A couple of weeks ago when I had first read Michael Pollen’s Omnivore’s Dilemma, I was absolutely stunned and appalled at American agriculture and its practice of feeding ruminants corn.
Since I come from a mostly vegetarian family, I had never known of the horrific ways modern cows are grown and processed to feed an equally horrific modern American appetite. The average North American appetite – well, that’s something I know a little bit about. You see, I work at Costco Wholesale, the mecca of family-sized products and free food samples to hook you to them. I’ve rang in orders of meat – just meat – ranging from the modest $50 to well over $1000. I’ve also had families come through my till that spend $300 on 1-2 weeks worth of meat. I don’t know if that sounds like a lot of money or meat to you, but it is for my family. So when I read about the amount of resources that go into producing meat filled with antibiotics, urea, and corn, and the effects on global warming that result from it, it made me a bit upset. Personally, I don’t understand the vast quantities of meat that people eat, and furthermore, demand. I think that if North Americans stopped dissociating themselves from nature and made better informed decisions about their diet, then we could break the demand for this unnatural meat and eat smaller quantities of more sustainably produced meat. Perhaps I should start handing out copies of Omnivore’s Dilemma to the customers that come through my till at Costco…

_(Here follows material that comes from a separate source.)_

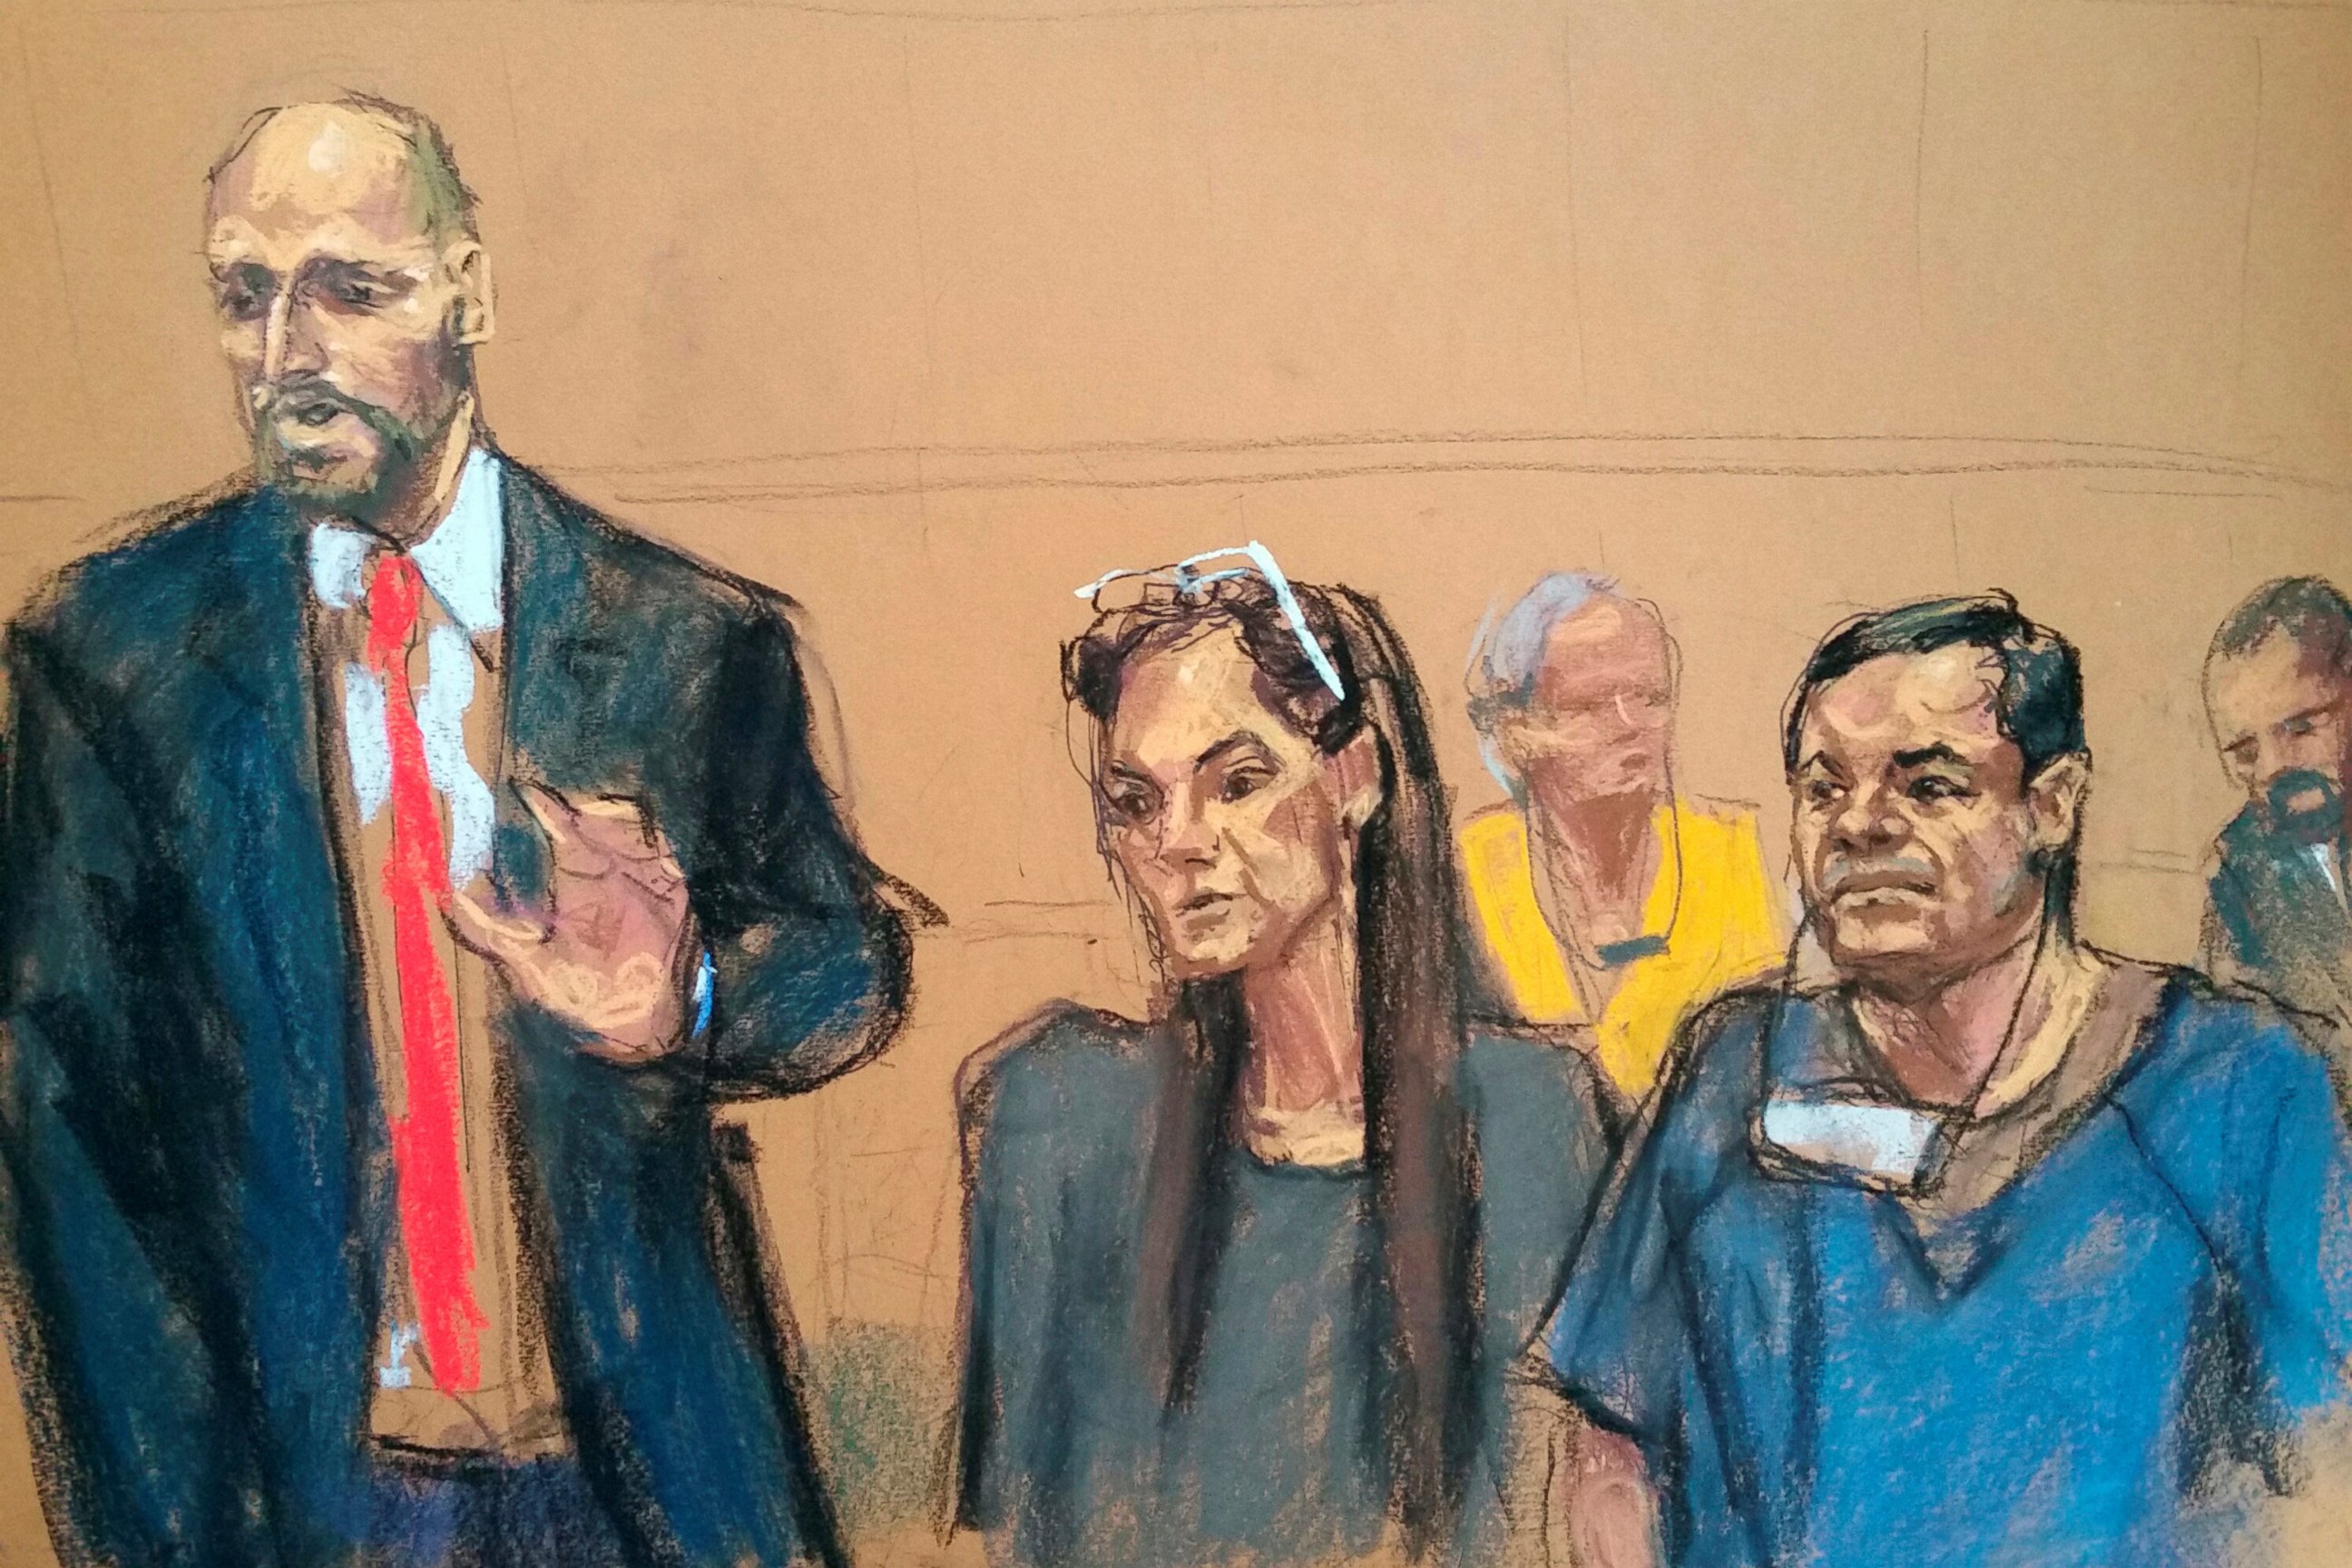 PHOTO: Joaquin "El Chapo" Guzman, right, and his attorneys Michael Schneider, left, and Michelle Gelernt are shown in a sketch of a court appearance at the Brooklyn Federal Courthouse in Brooklyn, New York, May 5, 2017.

About halfway through this book, Pollan embarks on a journey to a grass farm owned by the family of Joel Salatin. I’d like to say that Pollan ‘opened my eyes’ to the importance of grasses, but it was more like he wrenched them open, as I had always underestimated grasses and never really wanted to learn about them. Pollan’s writing changed that. As Joel tours Pollan around his farm, Pollan notes the simplicity of the farm, the importance of grass, and the stark differences to mainstream American farming.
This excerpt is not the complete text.